The results of the present study showed that UA was significantly correlated with VFA and with IMT (Figure 4(b) and Figure 4(c)). Recent experimental studies have indicated that UA may play a role in the pathogenesis of atherosclerosis and metabolic syndrome via the inflammatory pathway in adipose tissue [38] [39] . Several clinical studies have reported finding that a significant association between HU and VFA [40] [41] and that HU is a risk factor for carotid atherosclerosis [14] . Nakagawa et al. [42] reported finding evidence suggesting that HU might have a causal role in the development of obesity, metabolic syndrome, and endothelial dysfunction in rats fed a high-fructose, atherogenic [43] , diet. The results of our study also indicate the existence of pathophysiological relationships between UA and VFA/IMT/CKD progression the same as in these other studies. We have to pay attention to the possibility that IMT and VFA are potential confounding factors or predictive markers for progression of kidney disease. The results of our multivariate analysis of the Cox proportional hazards model adjusted for eGFR, VFA and IMT indicated that HU was independently associated with a ≥50% eGFR decline or ESRD (Table 2(a)), and the propensity score matched cohort, in which both VFA and IMT were higher in non-HU group (Table 4), showed that the kidney survival rate of the HU group of CKD patients was significantly lower than in the non-HU group (Figure 5(a)). These results indicate the most important finding that UA is an independent kidney outcome predictor. Although the mechanism of the effects of HU on atherosclerosis has not been fully elucidated, recent data have shown a direct harmful effect of UA on endothelial cells [42] [44] and smooth muscle cells [45] [46] . The precise mechanism of the nephrotoxicity of HU also remains unknown. However, HU has been found to induce systemic hypertension and afferent arteriolar sclerosis in animal models [47] [48] , and high serum UA levels have been reported to be associated with renal arteriolosclerosis in humans [4] [49] [50] . These reports support the results of the present study.

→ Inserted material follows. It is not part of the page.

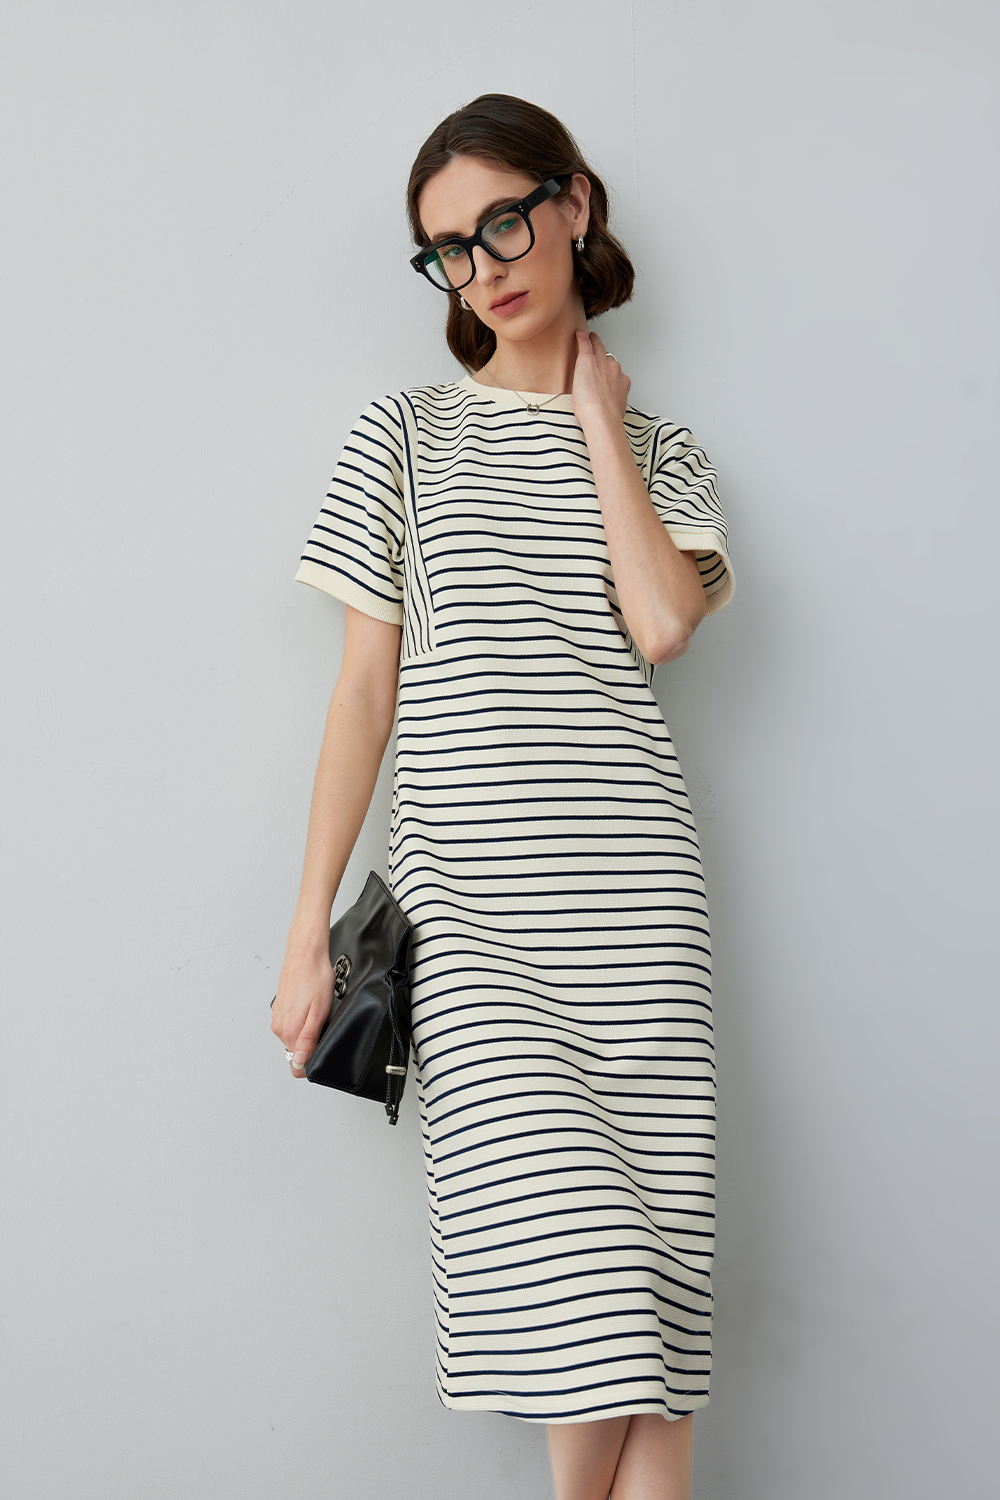 Commuter Striped Short Sleeve Dress

The present study had several limitations. First, it was an observational study and had the typical limitations of a small number of subjects. Second, even if we used a propensity score-matched cohort as a control group, it is difficult to select a desirable control group.
5. Conclusion
The results obtained by using a propensity score-matched cohort in the present study showed that HU is an independent predictor of CKD progression. In addition to treatment of hypertension, treatment of HU in CKD patients will become more important.
Disclosure
All authors have no conflict of interest to disclose.